What is the Champions League?

Champions League is a club association football competition operated by Europe’s top-tier league, the Union of European Football Associations (UEFA). It features the reigning champions of each of UEFA’s 53 national leagues and clubs that earn invitations through other qualification streams. The competition is one of the most watched and highest regarded in the world, behind only the FIFA World Cup and the UEFA European Championship.

The competition began in 1960 as a single-elimination tournament for teams only from one nation, but has since been expanded to include the best clubs from the five continental member confederations of the Federation Internationale de Football Association (FIFA) and other high-ranking clubs. It is the top-tier competition of the European football season and is contested by 32 clubs over two legs, with the final being played in a neutral venue selected by UEFA.

In 2024/25, the competition format was substantially revised, dropping the group stage and replacing it with an expanded “league phase” in which all thirty-six qualified teams are ranked as a single group using a system based on four seeding pots to determine matchups.
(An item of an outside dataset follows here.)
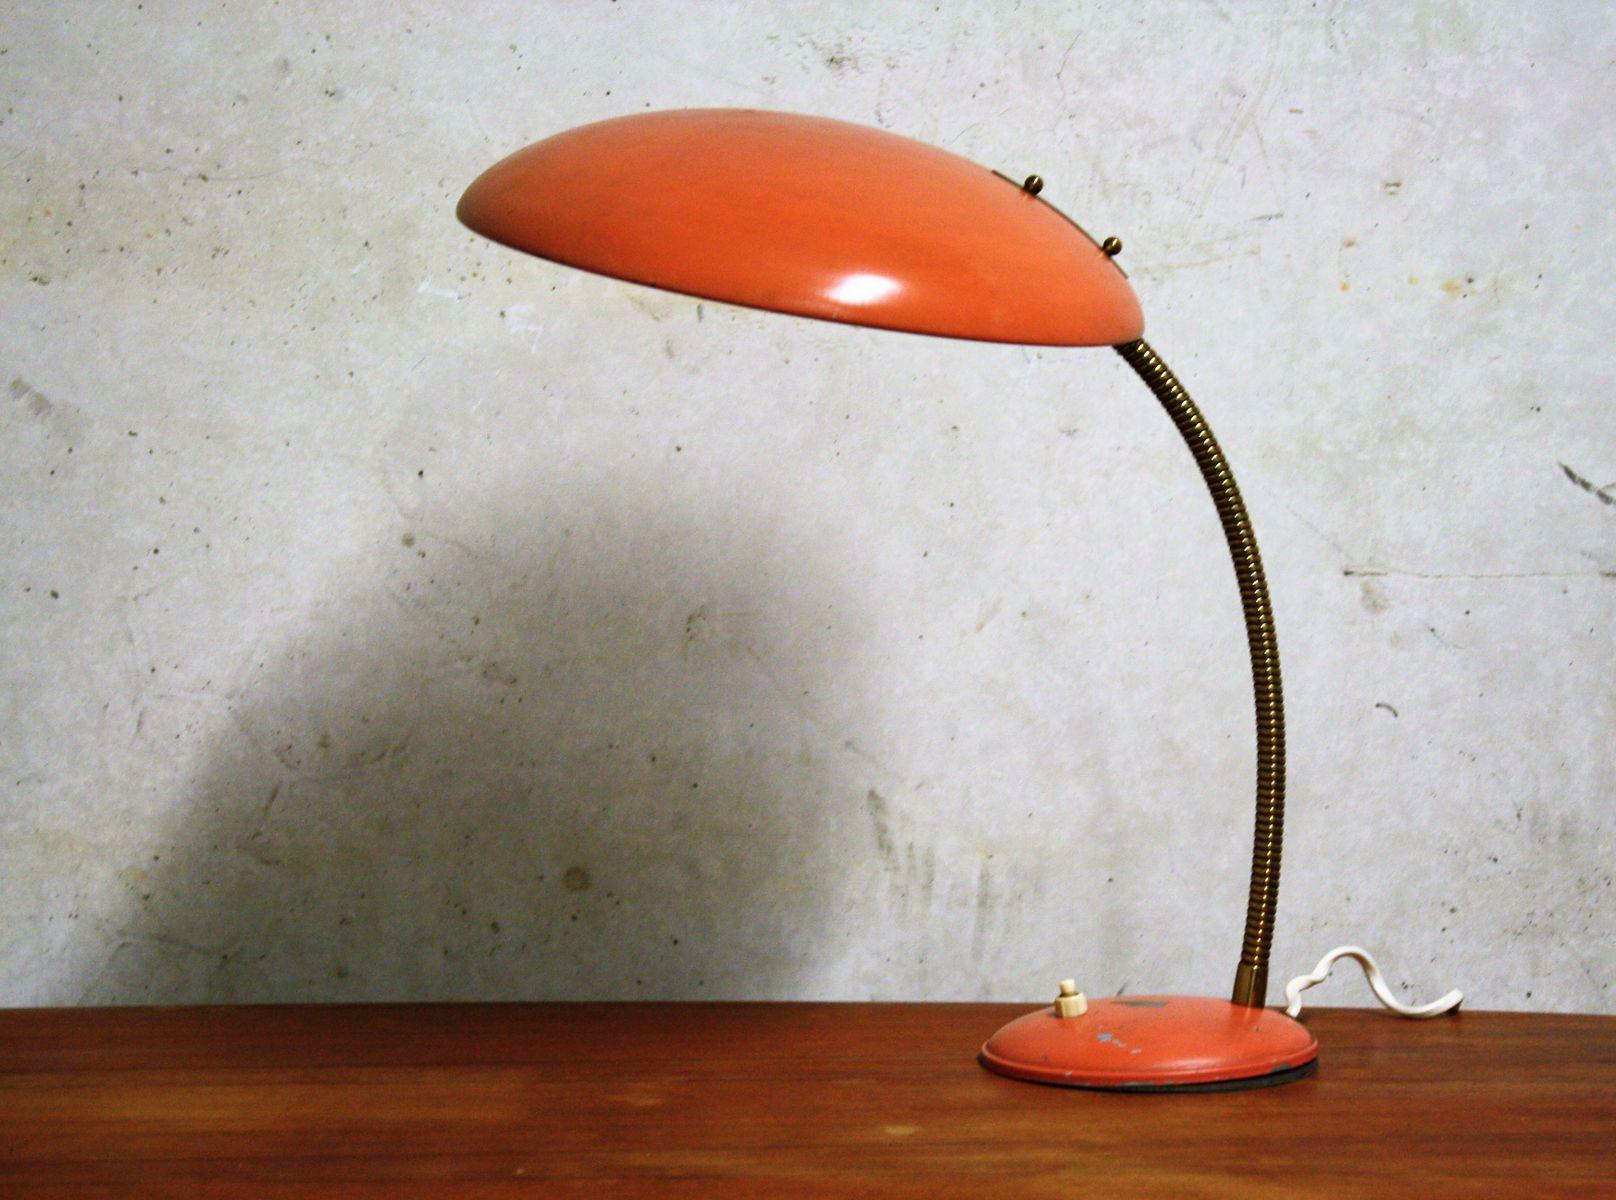 lampe de bureau bauhaus orange de philips 1960s en vente sur pamono. Black Bedroom Furniture Sets. Home Design Ideas
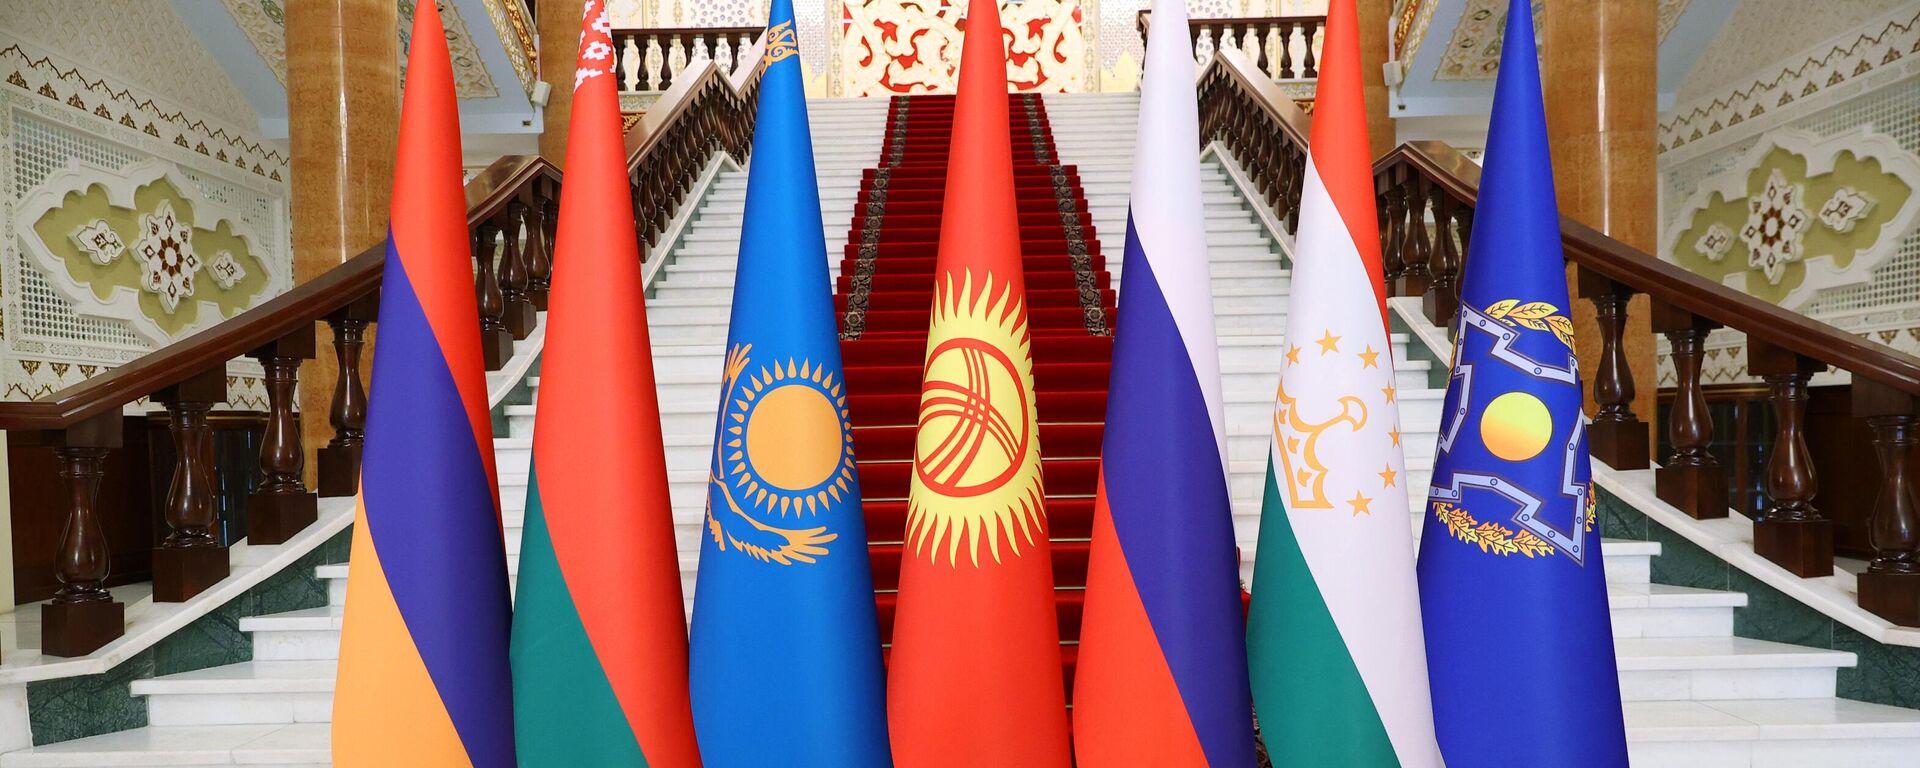 Заседание Совета коллективной безопасности ОДКБ - Sputnik Արմենիա, 1920, 22.09.2021

During the league phase, each team plays eight different opponents, with half of those games at home and the other at away.

The top-eight ranked clubs advance to the knockout play-off round, where they face the teams that finished nineth through twenty-fourth in the league table, with each of those matches also being two legged. Ahead of the start of the new format, UEFA explained that this arrangement is designed to increase both sporting and logistical incentives for teams in the league phase, and that it will provide the opportunity for a greater variety of matches in the bracket.